Here, ${\sigma}_{e}^{2}$ is the variance of the measurement error in log scale, α_{ b } is the signal independent or background noise, β_{ s } is signal dependent noise and Y is the logarithm of the signal intensity. The background noise α_{ b } and the signal dependent noise β_{ s } vary among different measurement systems. However, in most high throughput proteomic experiments α_{ b }<0.1 and β_{ s }<1 [32–34]. Network inference was performed for different levels of signal dependent (β_{ s }) and independent (α_{ b }) measurement errors. We started with α_{ b } = 0.01, β_{ s } = 0.1 and generated 10000 datasets by repeating the stochastic simulations of the perturbation experiments and then introducing random measurement errors. A network was inferred from each of these datasets using BVSA. Similar to the noise free data, we used five parallel Gibbs samplers for each module. In this case we used 500 iterations since noisy data may slow down convergence. To see whether all parallel samplers converge to the same distribution we plotted (Additional file 5: Figure S2) the log(P(A_{ i }R)) for a sample dataset. The parallel samplers generally converged rapidly to the same distribution. As before, we rejected 20% of the early samples as burn ins and the rest of the samples were used to calculate the posterior edge probabilities P_{ i j }. A posterior edge probability matrix P was inferred from each of the 10000 datasets using BVSA. A set of AUROC and AUPR values were calculated from each P. The mean and standard deviation of the resulting 10000 AUROCs and AUPRs were calculated. α_{ b } and β_{ s } were then gradually increase by intervals 0.01 and 0.1 respectively up to the maximum values α_{ b } = 0.1 and β_{ s } = 1. For each combination of α_{ b } and β_{ s } we repeated the above procedure and calculated the average AUROC and AUPR values and the corresponding standard deviations (see Additional file 6: Table S1 and Additional file 7: Table S2). The average AUROC and AUPR values were then compared with those calculated from the networks inferred by stochastic MRA, SBRA and LMML.

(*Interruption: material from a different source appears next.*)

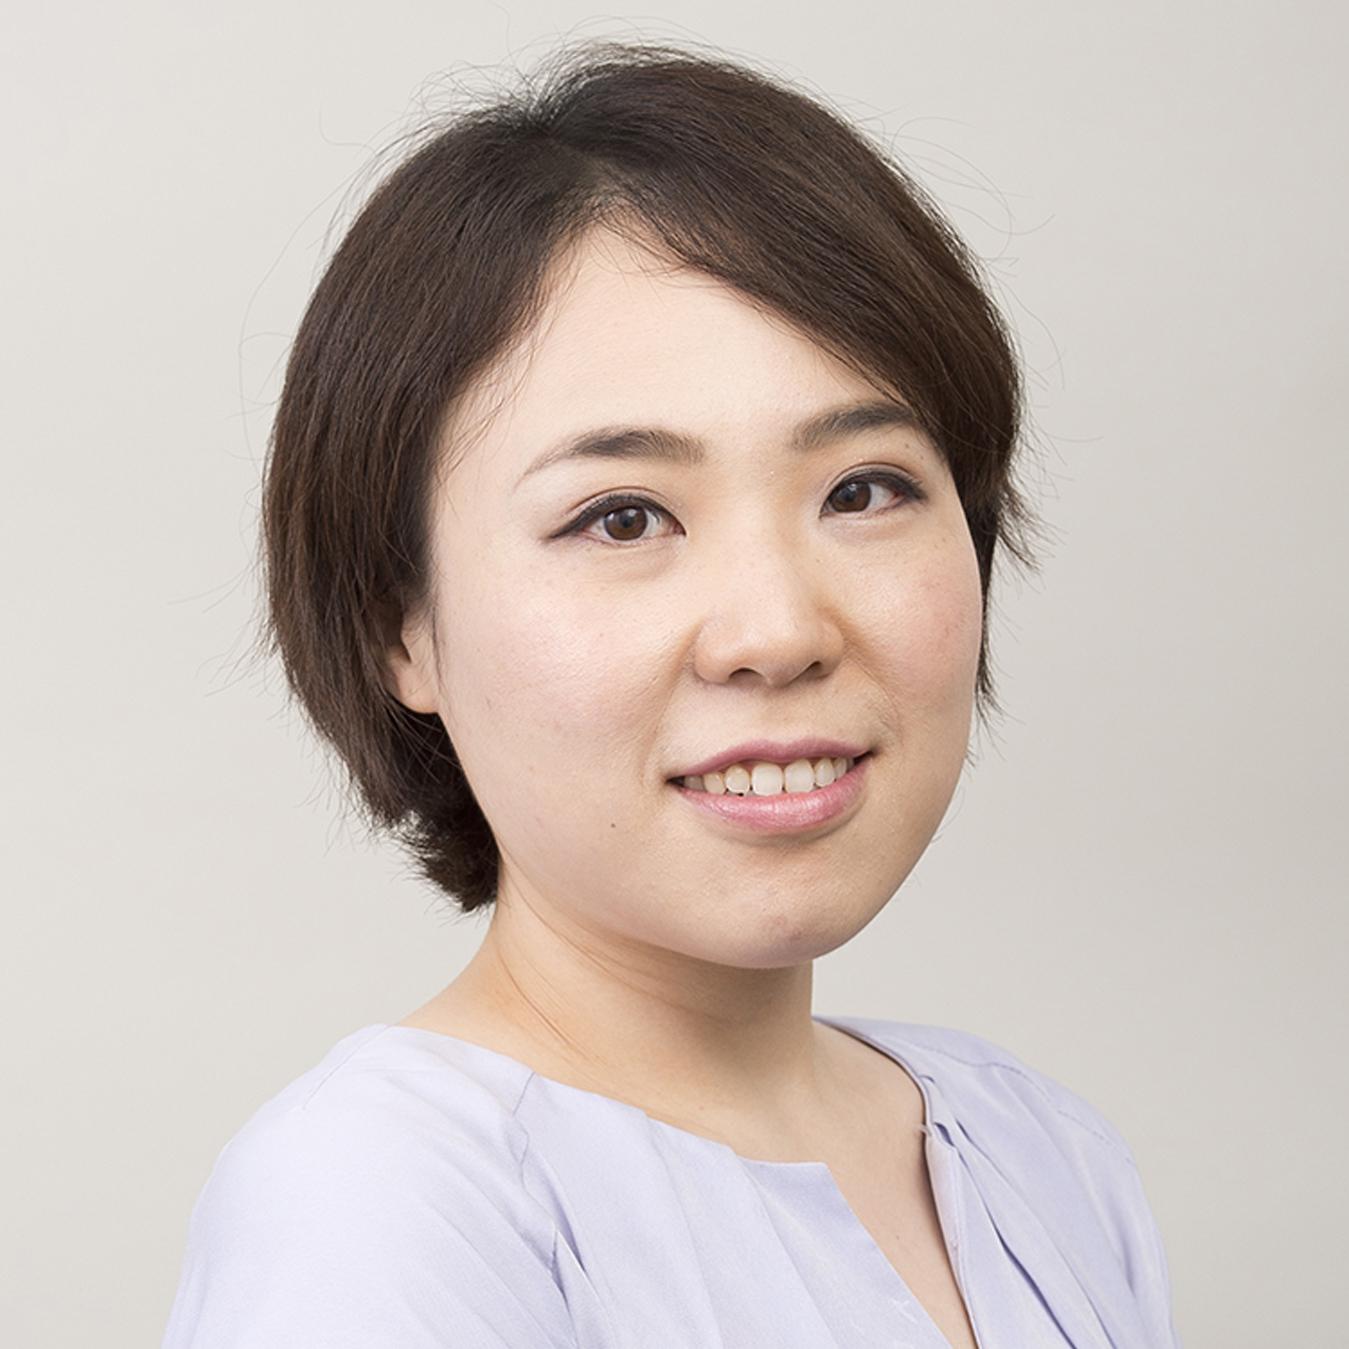 研究員 趙 唯琳 Weilin Zhao

As in the case of BVSA, the performances of stochastic MRA, SBRA and LMML were also evaluated by generating 10000 datasets for each noise level (i.e. for each combination of α_{ b } and β_{ s } values) and executing these algorithms on each of these data sets. The resulting connection coefficient matrices (in case of stochastic MRA and LMML) and weight matrices (in case of SBRA) were then used to calculate the corresponding AUROC and AUPR values. The resulting AUROC and AUPR values (see Additional file 6: Table S1 and Additional file 7: Table S2) were compared with those calculated from the networks inferred by BVSA and two best performers, one with maximum average AUROC and one with maximum average AUPR, were selected (with p <0.05 ^{1}) at each noise level (Figure 3). Our analysis reveals that, BVSA has the highest average AUROC in most of the cases, except a few sporadic cases where the other algorithms performed better (Figure 3(a)). By contrast, SBRA has the highest average AUPR in most of the cases (Figure 3(b)). This suggests that BVSA infers a larger number of interactions with reasonable accuracy, whereas SBRA infers a smaller number of interactions with relatively higher precision.

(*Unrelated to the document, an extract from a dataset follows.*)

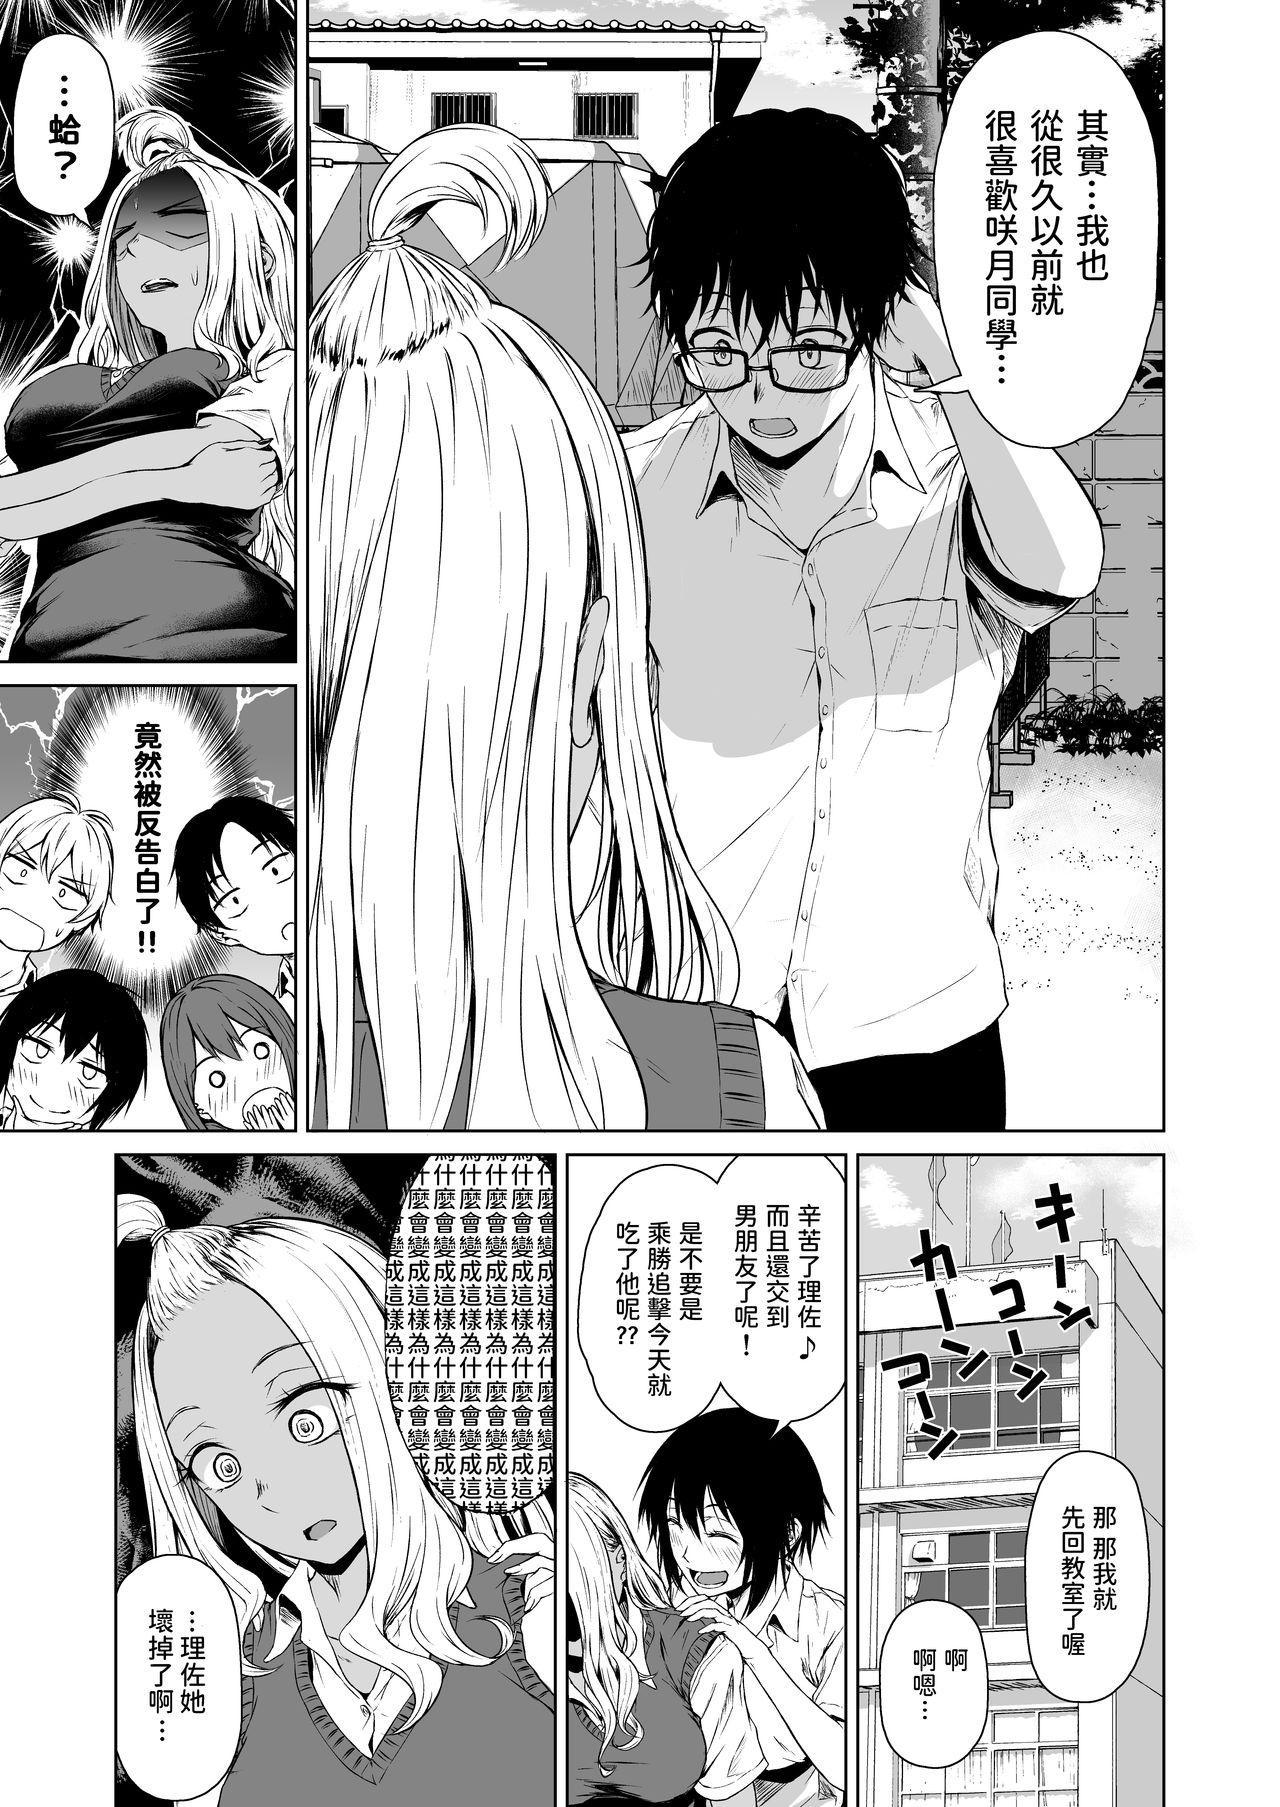 Gal to InCha no Kousai Shuukan. 8

Network reconstruction from incomplete sets of perturbations
For real biological networks,it often is impossible to perturb each network module, separately or in combination. Accordingly, the resulting datasets usually do not contain complete information for a full reconstruction of the underlying network. Here we demonstrate that even in such cases BVSA can reveal salient features of network structures with better accuracy than its counterparts.

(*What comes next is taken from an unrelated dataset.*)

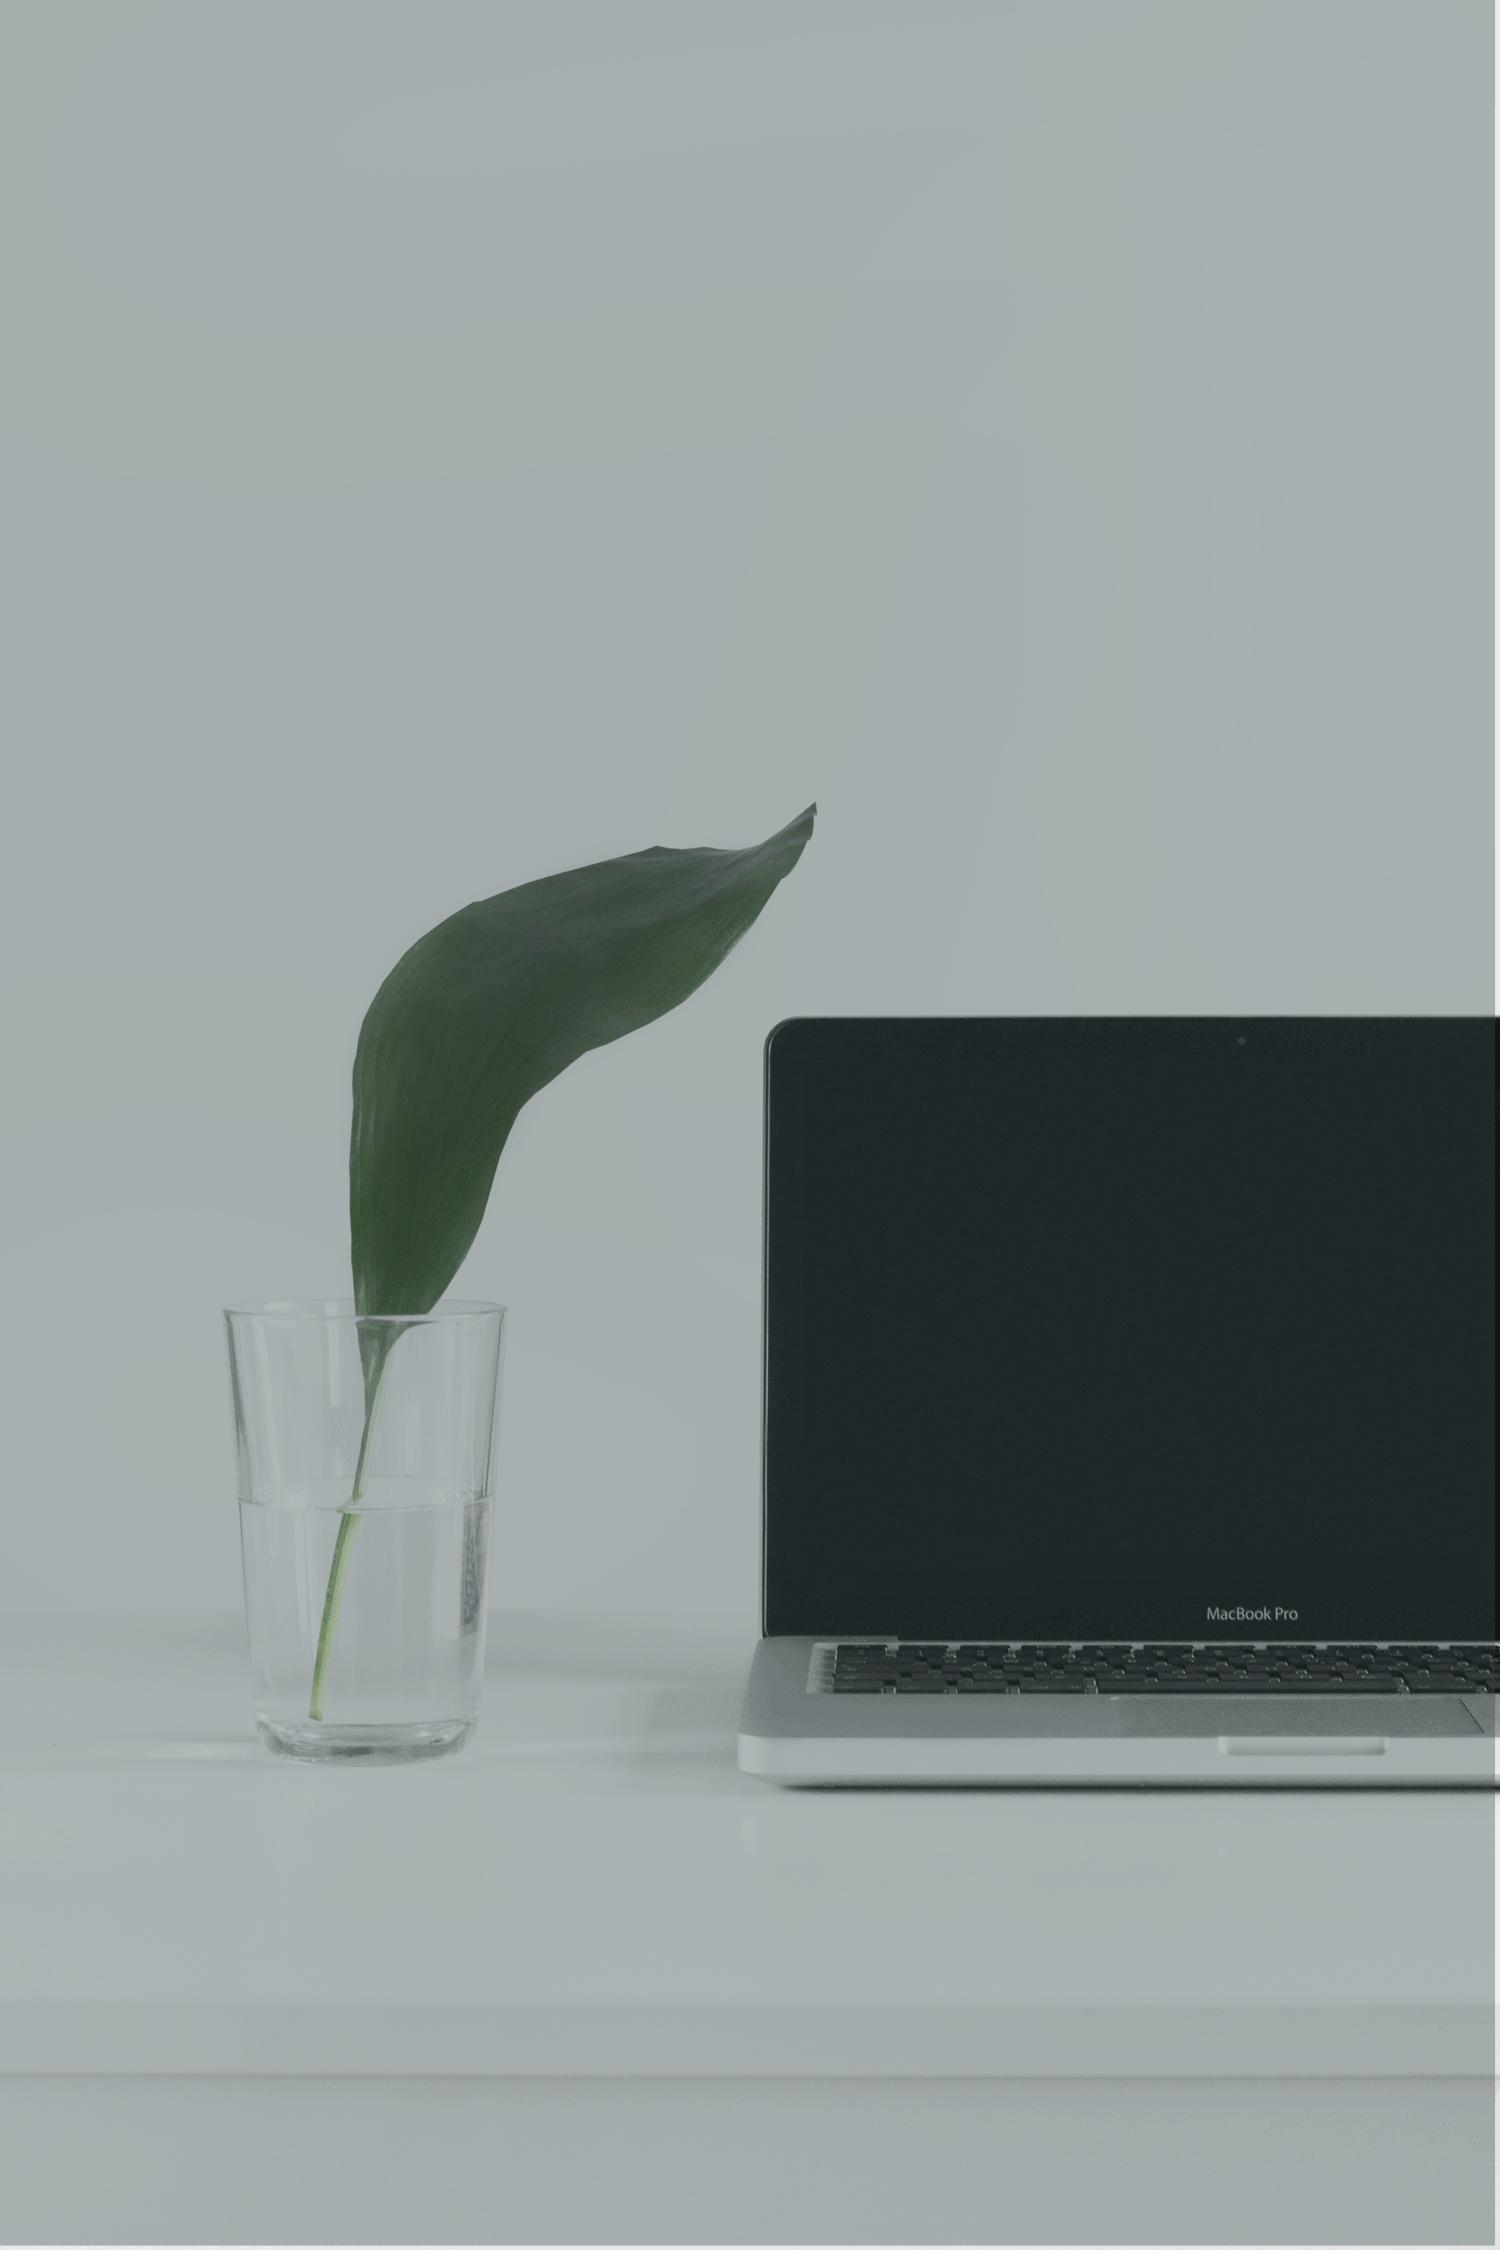 Laptop_leaf_overlay_1500.png

Firstly, we simulated steady state responses of the MAPK pathway after perturbing only five out of six modules (adapter, initiator, MAP3K, MAP2K and MAPK) modules by knocking down Shc, Ras, Raf, MEK and ERK one at a time. We assumed that the knockdowns were performed with 80% efficiency. The simulations were performed stochastically to account for biological noise. Additionally, simulated measurement errors (α_{ b } = 0.01, β_{ s } = 0.1) were added to the perturbation responses. No repetitions of the knockdown experiments were performed. This yielded noisy steady state responses of the MAPK modules to five different perturbations. Classical MRA [19], its stochastic counterpart [16, 17] and SBRA are unable to reconstruct a network from this dataset due to its rank deficiency. However, BVSA and LMML are designed to reconstruct networks in situations where the number of perturbation experiments is less than the number of network modules. We generated 10000 datsets with five perturbations (as described above) and inferred network structures from each of these datasets using BVSA and LMML. We then calculated average AUROC and AUPR values for each of the inferred networks. The AUROCs and AUPR values, calculated from the networks inferred by BVSA algorithm were then compared with those of the LMML algorithm to determine the best performer (see Figure 4). The procedure was repeated by perturbing only four (RasGDP, Raf, MEK, and ERK knockdowns) and three (Raf, MEK and ERK knockdowns) modules out of six. This analysis revealed that the performance of BVSA was significantly better than that of the LMML algorithm when faced with incomplete perturbation data.
In the simulation study of the MAPK pathway we established that BVSA can accurately infer network structures from perturbation data and it is robust against biological noises, measurement errors, and insufficient perturbation experiments. However, the above study does not demonstrate the scalability of BVSA, i.e. whether BVSA can be efficiently implemented to infer larger networks, e.g. GRNs consisting of hundreds or even thousands of genes. Below, we address this issue by using simulated perturbation responses of a 10 gene and a 100 gene GRN and compare its performance with that of (stochastic) MRA, SBRA and LMML.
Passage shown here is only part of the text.